1. A bill of exchange which is reflective of a real loan, meaning that the signatory in reality owes the amount mentioned in the bill to the payee, and the bill is a record of that loan.
2. A bill that is not reflective of a real loan; rather, it is only imaginary.
In the first kind, wherein the payee is in fact owed a time-specific loan, selling the bill for an amount that is more or less is not problematic, given that there is a difference (in the two), such as dollars for pounds, and given that it is not the price of a credit based transaction. However, if there is no difference, such as selling dollars for dollars, then it is problematic. However, if the transaction is carried out in the form of a compromise settlement as elaborated in article 2867, it will not be problematic.
In the second type, where the bill is imaginary, the payee cannot sell it to another person, since he is not owed anything by the signatory of the bill; rather, the bill of exchange was issued so that the payee would be able to make use of it. The manner of using it according to the shari’a is in the following manner: The payer deputizes the payee to sell the amount mentioned in the bill—such as 50 Saudi riyals which are worth 11,000 Iranian tumans—on his behalf to the bank for another kind of currency for a lesser value, such as 10,000 tumans, and also deputizes him to then sell the 10,000 tumans on the behalf of the payer to himself for the price of 50 Saudi riyals.

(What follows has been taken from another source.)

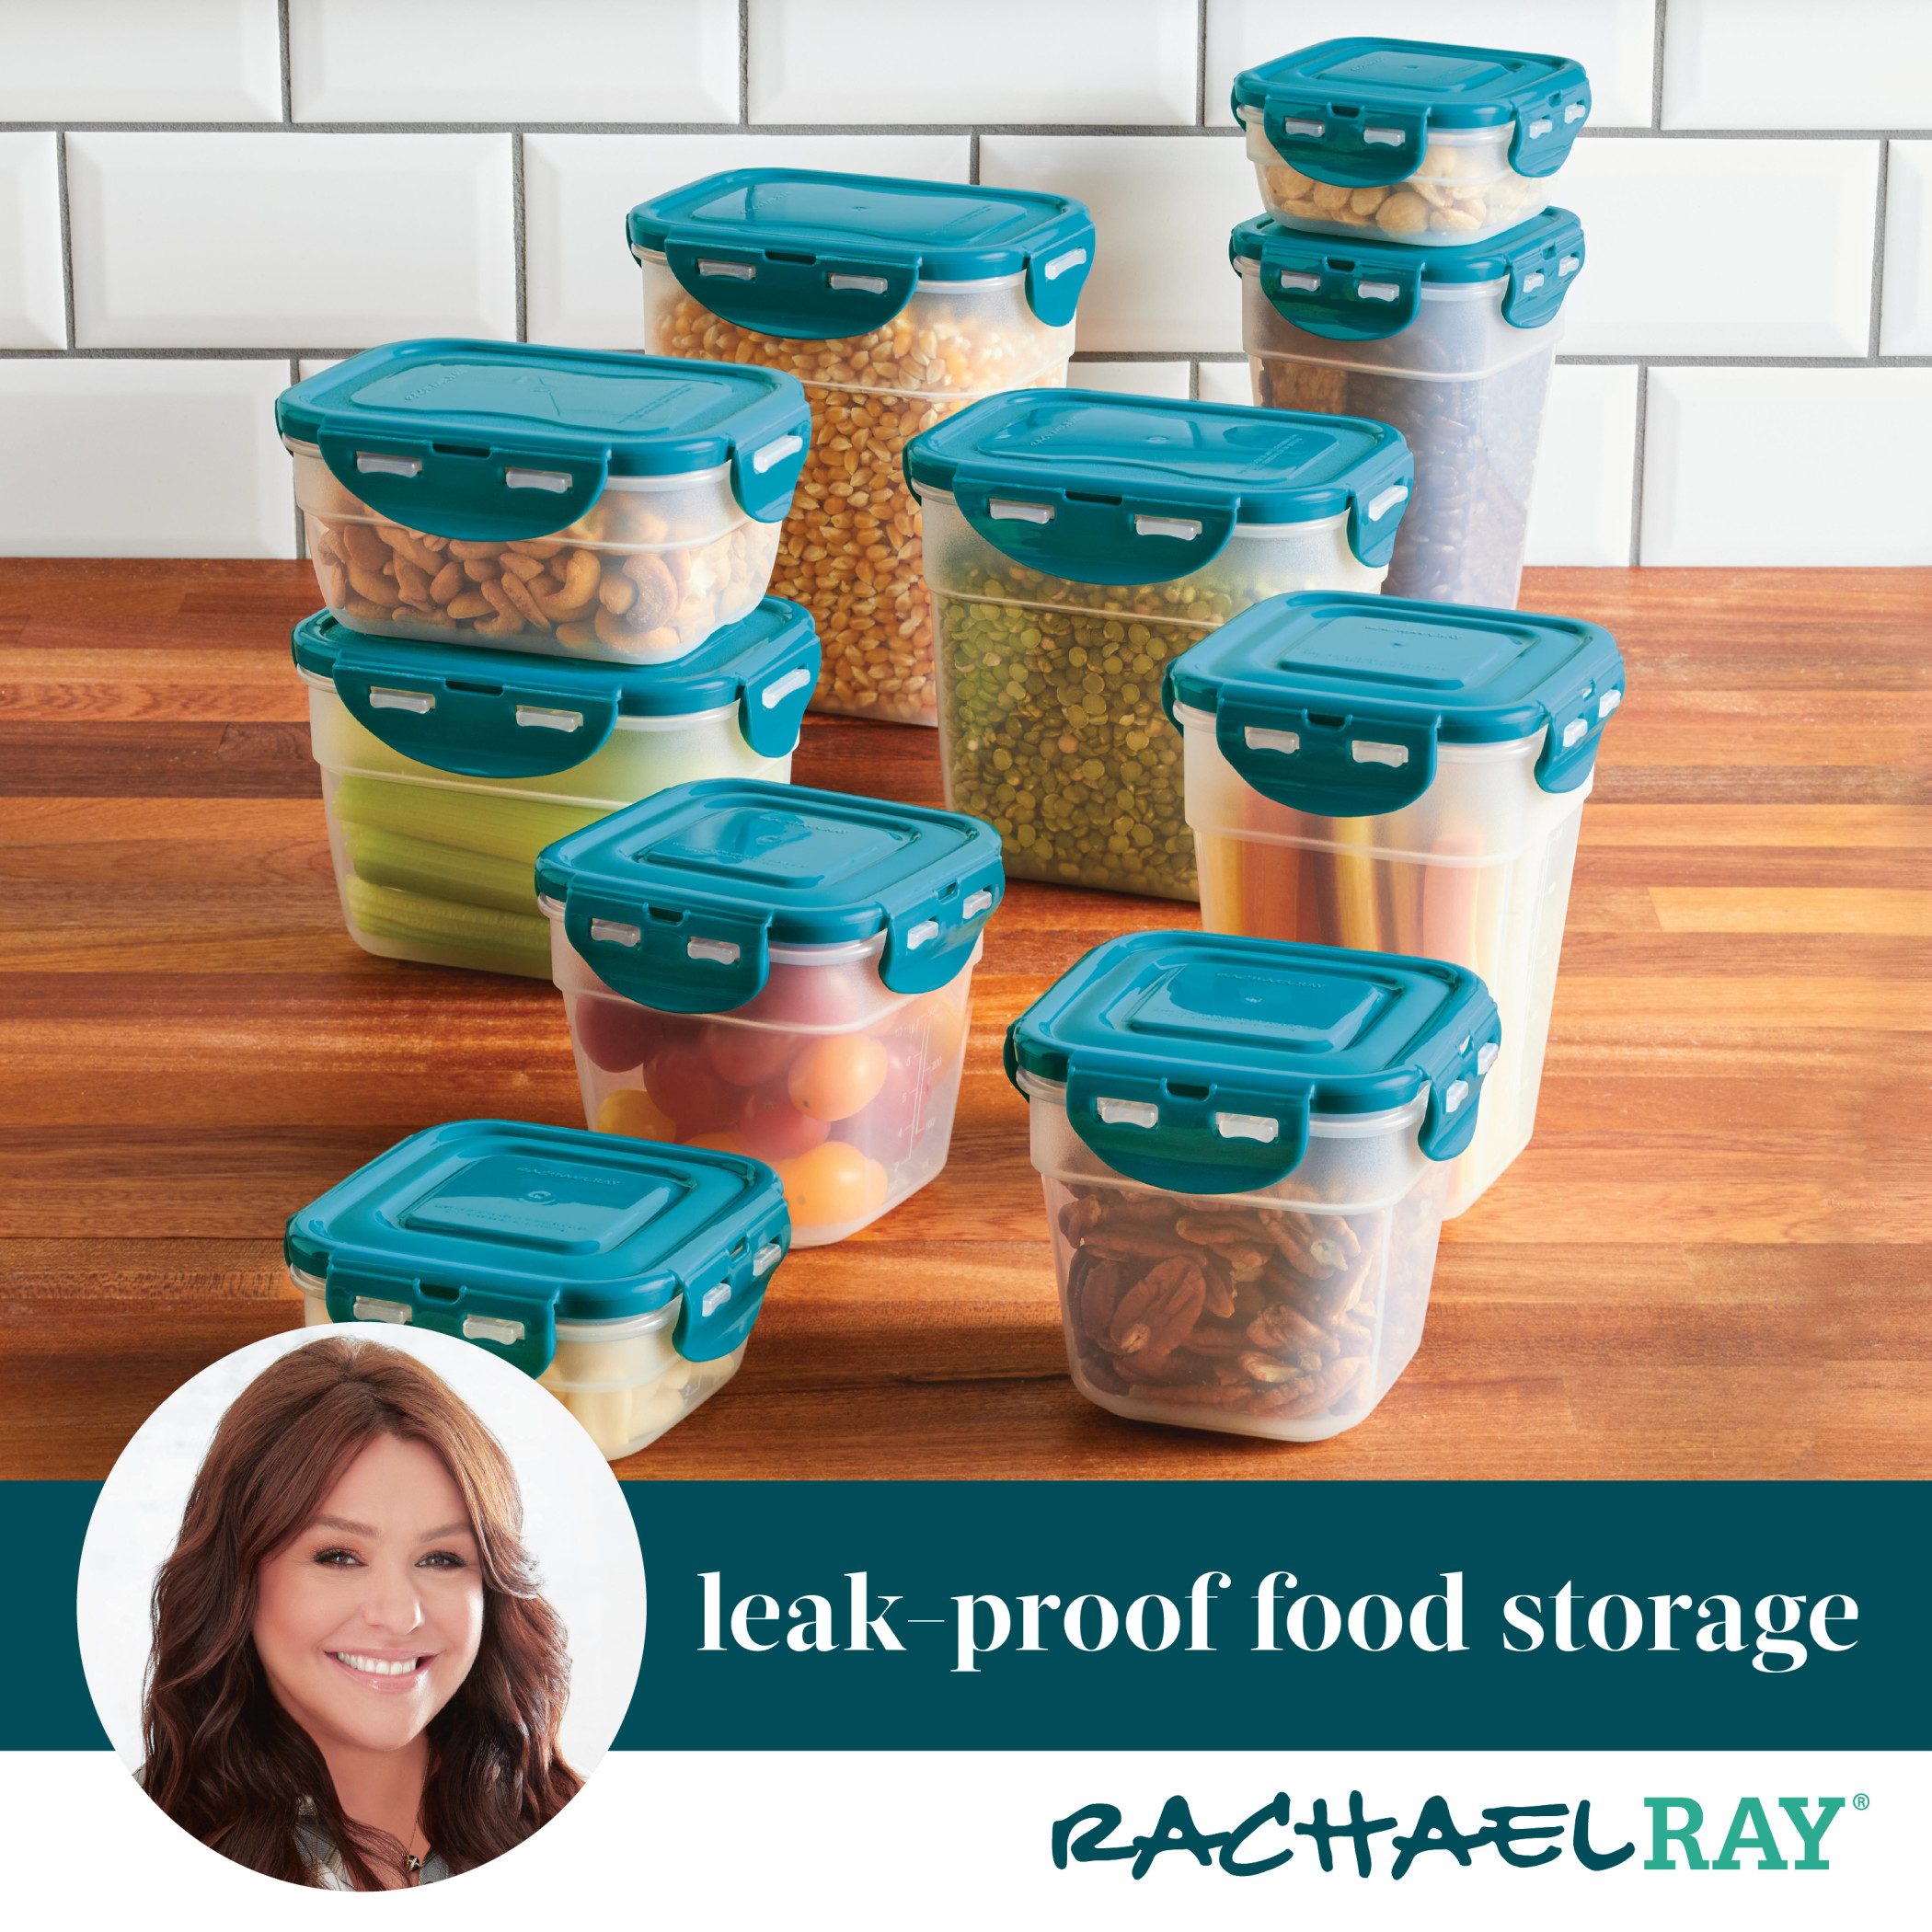 Rachael Ray Leak-Proof Stacking Food Storage Container Set, 20-Piece, Teal Lids - image 3 of 17

In this manner, the payee becomes indebted to the payer in the amount that the payer has become indebted to the bank, which is 50 riyals.
Another manner would be a case where the bank loans the amount of the bill to the payee, and in return the payee pays an amount to the bank as documentation fees, without it being stipulated by the bank. However, if it is stipulated as a condition, even if it be non-explicitly understood, it will be considered an interest-based loan.
There is no problem for the payer to demand the amount of the bill from the payee, and acquire it from him, because the payee has transferred his debt to the bank in its entire amount from the bank to the payer.